Looking at individual positive and negative words and how they impact a book's ranking
There was no correlation between a word's frequency and the average goodreads score as illustrated in the graph below.
It is interesting to see that some words with a low AFINN score appear quite frequently in the reviews of successful books. This is because the AFINN lexicon is constructed with unigram features, where the syntax and even the order of words is ignored, meaning that “like” in the sentence “I don’t like” will be interpreted positively.
Looking at another library - Vader lexicon - to help better predict the score
I was not very successful with the AFINN lexicon and decided to look at the Vader lexicon. Its algorithm seemed to be more granular as it output 4 classes of sentiments:
- neg: Negative
- neu: Neutral
- pos: Positive
- compound: Compound (i.e. aggregated score computed by summing the valence scores of each word in the reviews, adjusted according to the Vader rules, and then normalized to be between -1 (most extreme negative) and +1 (most extreme positive))
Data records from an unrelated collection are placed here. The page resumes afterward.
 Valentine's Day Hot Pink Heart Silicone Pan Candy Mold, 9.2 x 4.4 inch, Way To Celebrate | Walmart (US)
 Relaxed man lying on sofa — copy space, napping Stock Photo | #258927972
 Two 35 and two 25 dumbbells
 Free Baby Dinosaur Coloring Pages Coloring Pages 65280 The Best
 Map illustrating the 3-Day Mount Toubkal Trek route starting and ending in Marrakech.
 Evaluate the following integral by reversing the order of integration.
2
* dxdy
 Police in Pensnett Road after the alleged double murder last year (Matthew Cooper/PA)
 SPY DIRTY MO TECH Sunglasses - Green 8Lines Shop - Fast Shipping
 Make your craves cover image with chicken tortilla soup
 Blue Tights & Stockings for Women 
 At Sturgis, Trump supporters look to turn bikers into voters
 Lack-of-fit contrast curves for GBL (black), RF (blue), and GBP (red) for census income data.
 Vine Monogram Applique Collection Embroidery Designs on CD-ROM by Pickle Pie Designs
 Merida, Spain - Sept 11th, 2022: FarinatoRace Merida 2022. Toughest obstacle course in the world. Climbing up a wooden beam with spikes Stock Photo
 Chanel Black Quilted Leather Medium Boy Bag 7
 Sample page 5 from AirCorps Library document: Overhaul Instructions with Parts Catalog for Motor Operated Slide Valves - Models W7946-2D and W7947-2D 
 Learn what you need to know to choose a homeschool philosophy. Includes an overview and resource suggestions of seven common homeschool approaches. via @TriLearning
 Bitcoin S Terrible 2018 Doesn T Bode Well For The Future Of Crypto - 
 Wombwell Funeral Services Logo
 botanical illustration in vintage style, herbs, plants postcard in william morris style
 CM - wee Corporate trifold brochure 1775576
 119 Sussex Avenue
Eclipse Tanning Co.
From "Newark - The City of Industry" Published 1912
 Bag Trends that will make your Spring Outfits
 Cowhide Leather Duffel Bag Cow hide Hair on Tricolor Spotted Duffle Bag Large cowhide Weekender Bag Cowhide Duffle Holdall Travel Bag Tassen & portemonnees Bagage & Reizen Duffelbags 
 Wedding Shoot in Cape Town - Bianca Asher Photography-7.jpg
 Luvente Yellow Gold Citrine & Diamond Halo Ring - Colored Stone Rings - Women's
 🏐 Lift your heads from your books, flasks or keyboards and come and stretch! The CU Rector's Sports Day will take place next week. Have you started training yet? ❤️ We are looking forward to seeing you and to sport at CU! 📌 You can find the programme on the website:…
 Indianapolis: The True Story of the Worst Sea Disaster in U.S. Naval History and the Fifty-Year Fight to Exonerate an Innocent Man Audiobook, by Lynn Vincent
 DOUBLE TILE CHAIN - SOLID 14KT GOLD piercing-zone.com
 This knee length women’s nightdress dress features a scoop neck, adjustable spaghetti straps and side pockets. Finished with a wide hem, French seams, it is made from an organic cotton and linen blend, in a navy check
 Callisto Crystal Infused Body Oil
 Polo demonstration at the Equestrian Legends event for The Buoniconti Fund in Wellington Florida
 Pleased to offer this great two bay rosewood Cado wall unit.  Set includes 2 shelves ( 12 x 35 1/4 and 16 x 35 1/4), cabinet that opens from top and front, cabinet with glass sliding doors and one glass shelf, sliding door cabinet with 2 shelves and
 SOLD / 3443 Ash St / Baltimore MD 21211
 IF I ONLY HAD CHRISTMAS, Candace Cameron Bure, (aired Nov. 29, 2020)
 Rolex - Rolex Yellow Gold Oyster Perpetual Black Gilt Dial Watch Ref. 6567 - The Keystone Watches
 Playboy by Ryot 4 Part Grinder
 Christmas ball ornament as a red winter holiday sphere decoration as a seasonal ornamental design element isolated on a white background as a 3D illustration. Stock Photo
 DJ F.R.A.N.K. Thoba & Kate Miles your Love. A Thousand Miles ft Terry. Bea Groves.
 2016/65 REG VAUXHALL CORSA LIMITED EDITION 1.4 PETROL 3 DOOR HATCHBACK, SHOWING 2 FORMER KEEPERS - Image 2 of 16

I used a pairplot to analyze the correlation between:
- the Vader positive score (pos) and the goodreads score
- the Vader negative score (neg) and the goodreads score
- the Vader compound score (compound) and the goodreads score
The graphs with a pearson's r score of 0.5 or higher, signaling a correlation, are in green. Pearson's r can range from -1 to 1 with:
- an r of -1 indicating a perfect negative linear relationship between variables,
- an r of 0 indicating no linear relationship between variables, and
- an r of 1 indicating a perfect positive linear relationship between variables.
There is a negative correlation between the Vader neutral and positive scores, which makes sense: the scores are from the same lexicon after all. However, there is no correlation between the Vader positive and negative scores, which is surprising.
Lastly, there is no correlation between the variables I was interested in (i.e the Vader positive, negative, compound scores vs. the goodreads score).
Would Have, Should Have, Could Have
My analysis suggested that a book in the Classics genre is more likely to make it to the Top 400 list.
There is no clear pattern indicating a preferred year of publication or number of pages, although most of the Top 400 books average 300 pages.
The number of reviews is a good predictor of success: the more, the better. However, it does not help differentiate the four-star from the five-star books. That being said, the five-star books probably sell better than four-star ones, which was not part of my analysis.
Finally, the sentiment analysis part was unsuccessful at predicting the success of a book within the Top 400 list. The AFINN and Vader methods helped predict the likelihood of a high score on goodreads.com. However once a book makes it to the Top 400 list and a high level of granularity is required to differentiate it from other successful books and predict its rank, the two methods were unreliable.
Below is a quick list of the analyses I could have, would have and should have done if given more time and data:
- More data about users writing reviews: I wish the reviews included demographics data on the people writing them to answer questions such as: are people from a specific city, a particular age group or sex more ruthless in their critique?
- Working with unigrams vs. n-grams: The sentiment analysis is constructed with unigram features. This means that the entire text is split in single words, taking words out of their context and thus reducing the accuracy with which it detects the sentiment of reviews. The longer the n-gram (the higher the n), the more context you have to work with. I wish I had known about lexicons that are based on n-grams or the Syuzhet Package in R, which leads me to the next point.
- Using R: Overall I feel that R would have been a better language for the sentiment analysis part. In fact, I started coding in R and translated my code in Python for this part.
- Limited number of reviews per book: I only grabbed the first 30 reviews of a book which does restrict the sentiment analysis and may introduce some bias (although the first reviews are randomly displayed and not sorted by recency).
- More insights: I wish my analysis had been more fruitful, above all with the sentiment analysis part.